(ACTION ITEM): The task calls for the lines below from the line with "Reebok Backpack 45cm 8852321 Black" to the line with "卡通冰淇淋2024三伏天时间表海报", both ends included, copied exactly, without any pictures.

(MATERIAL PROVIDED):

===============

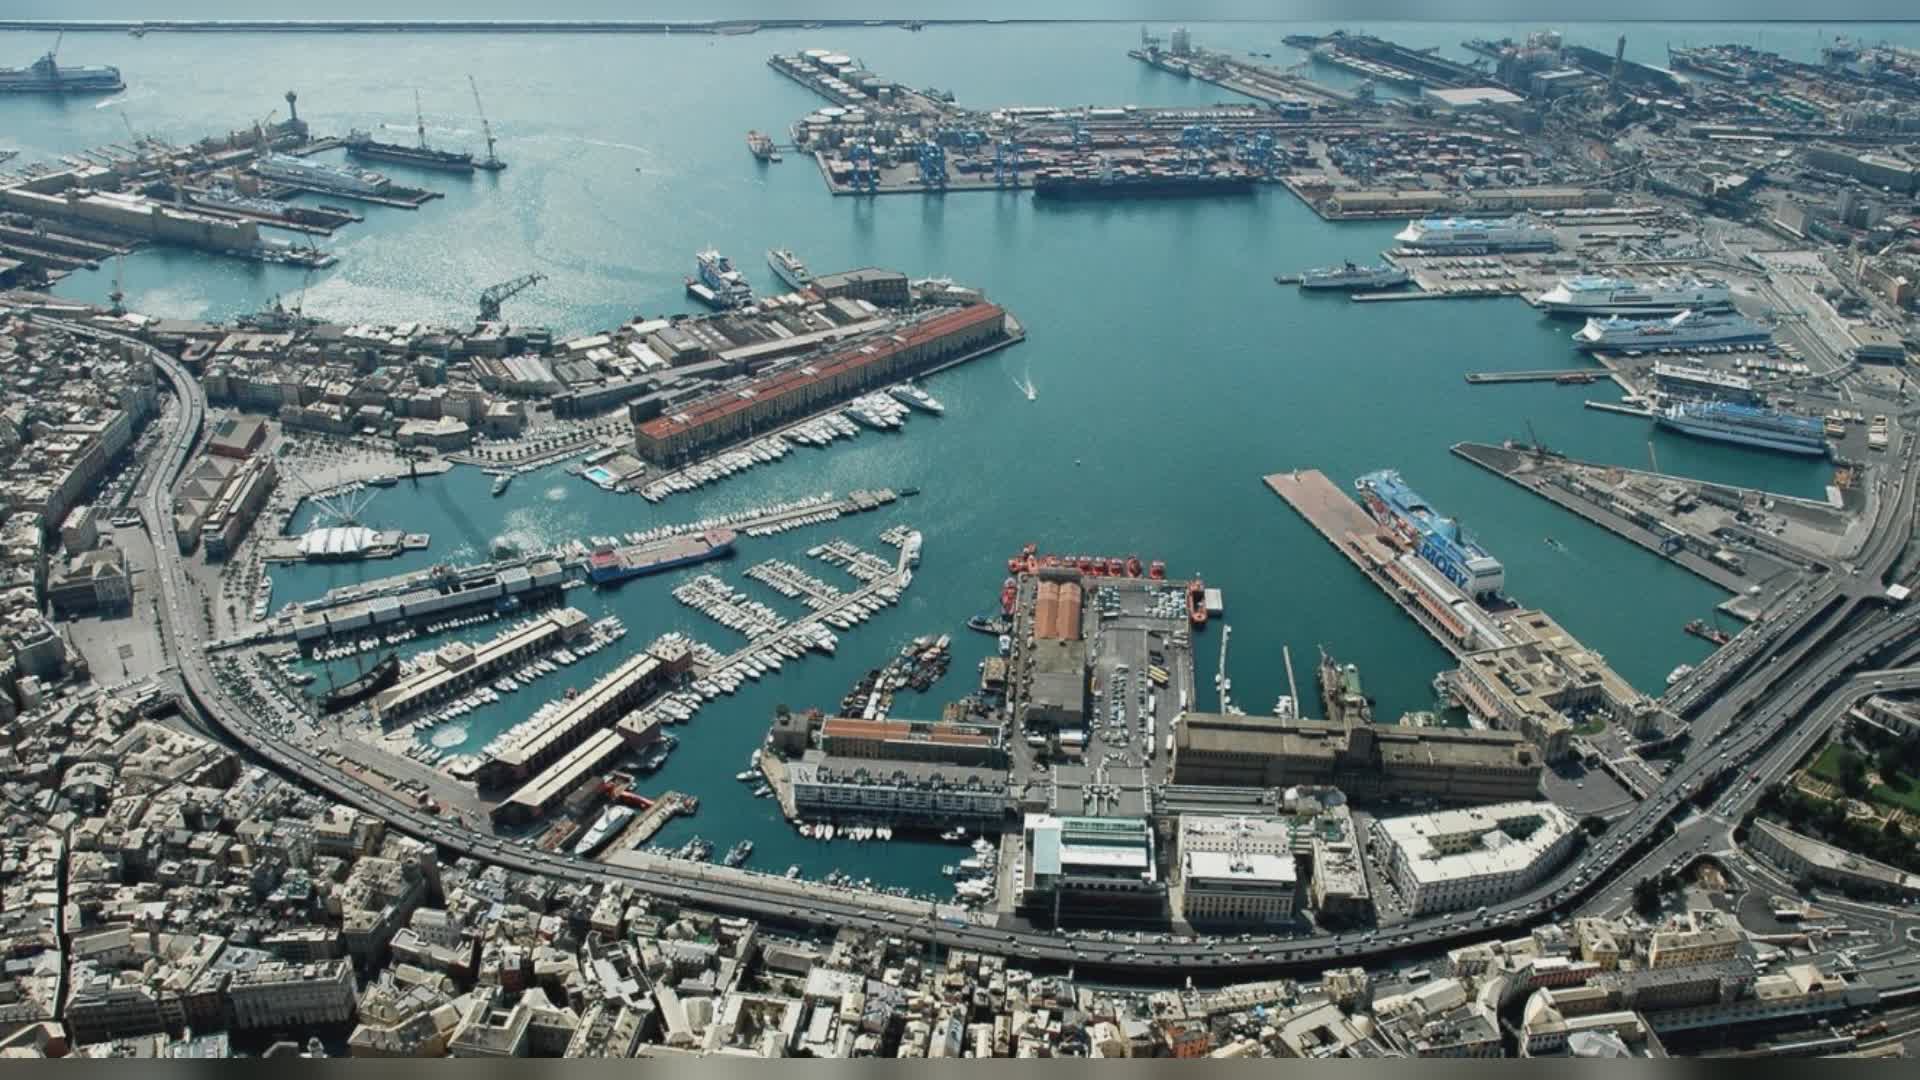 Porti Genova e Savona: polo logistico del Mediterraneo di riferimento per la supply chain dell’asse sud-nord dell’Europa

===============

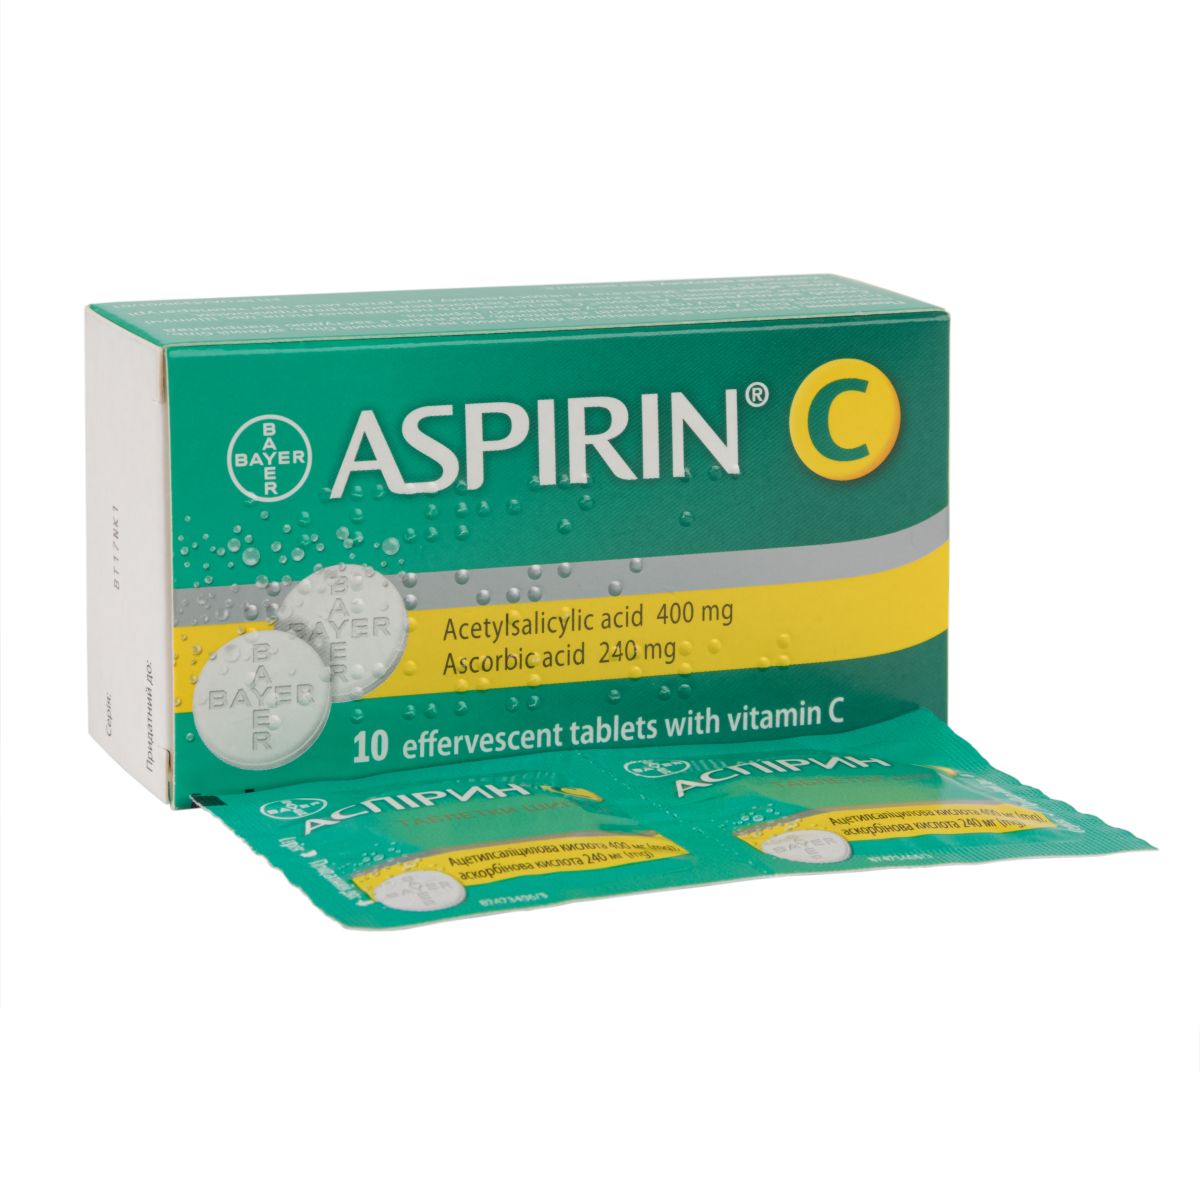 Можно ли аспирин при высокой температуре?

===============

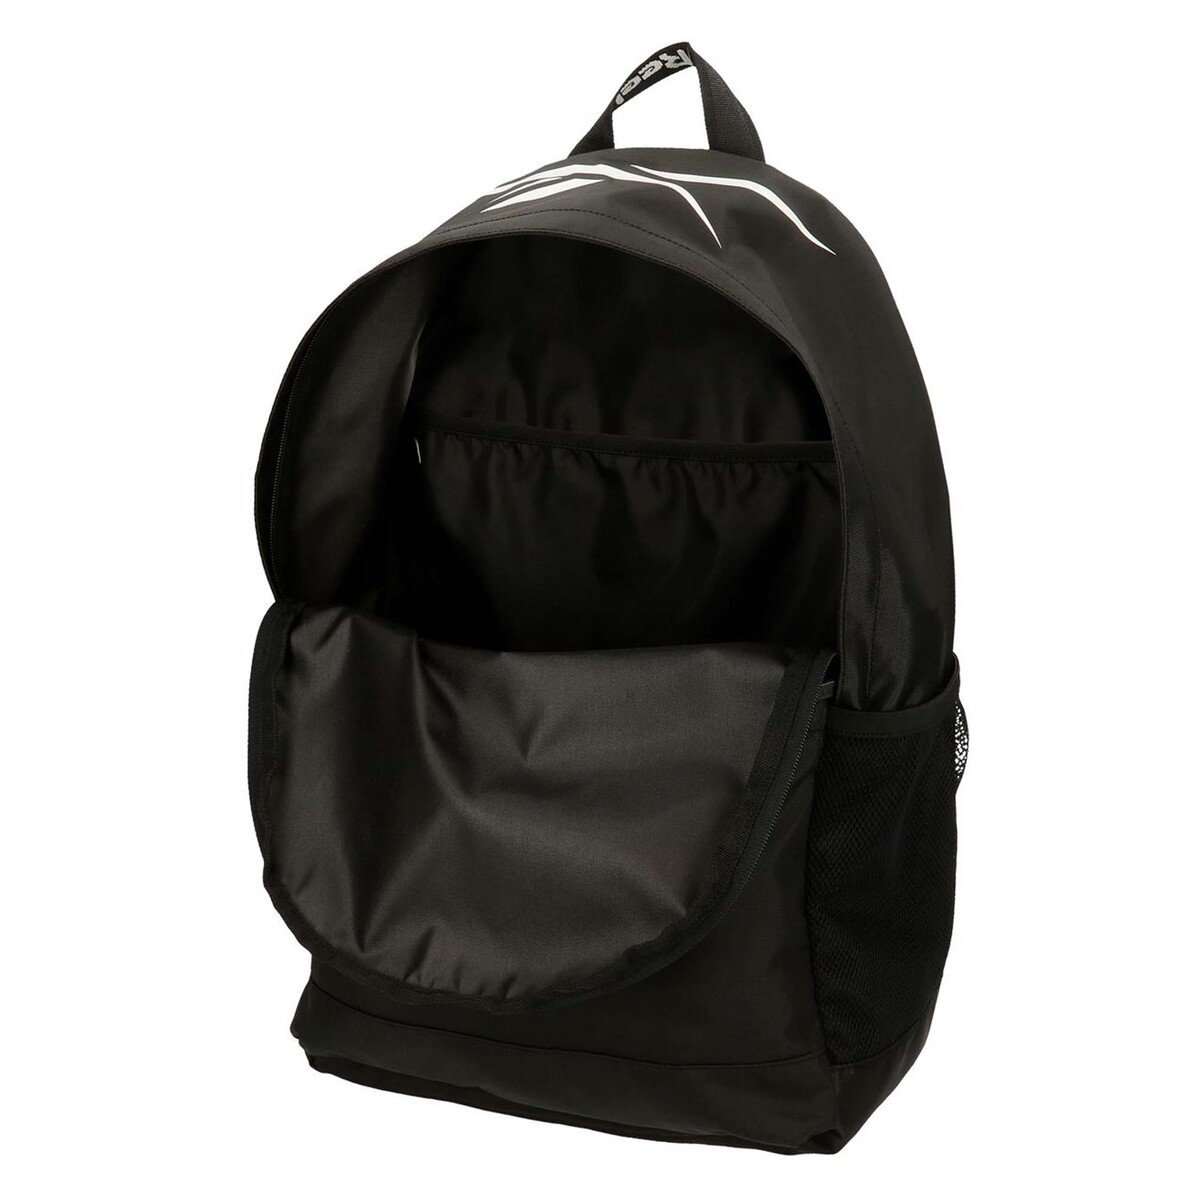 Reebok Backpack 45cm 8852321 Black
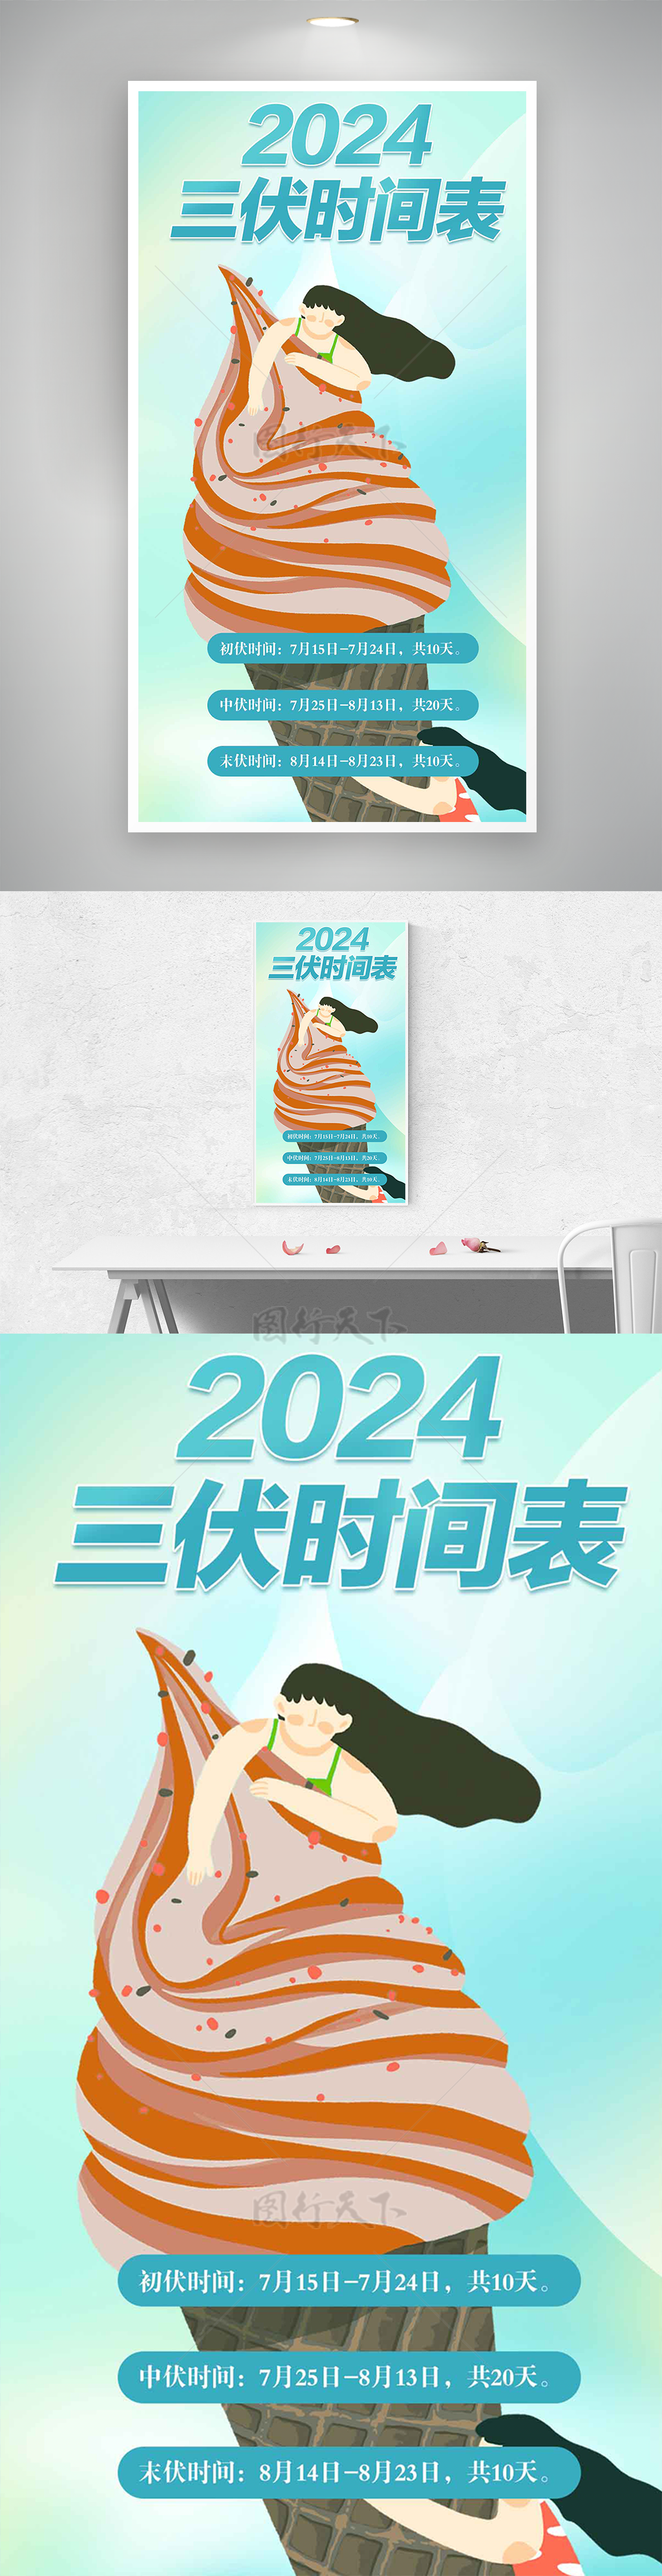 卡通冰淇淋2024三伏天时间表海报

===============

(ANSWER BELOW):
 Reebok Backpack 45cm 8852321 Black
 卡通冰淇淋2024三伏天时间表海报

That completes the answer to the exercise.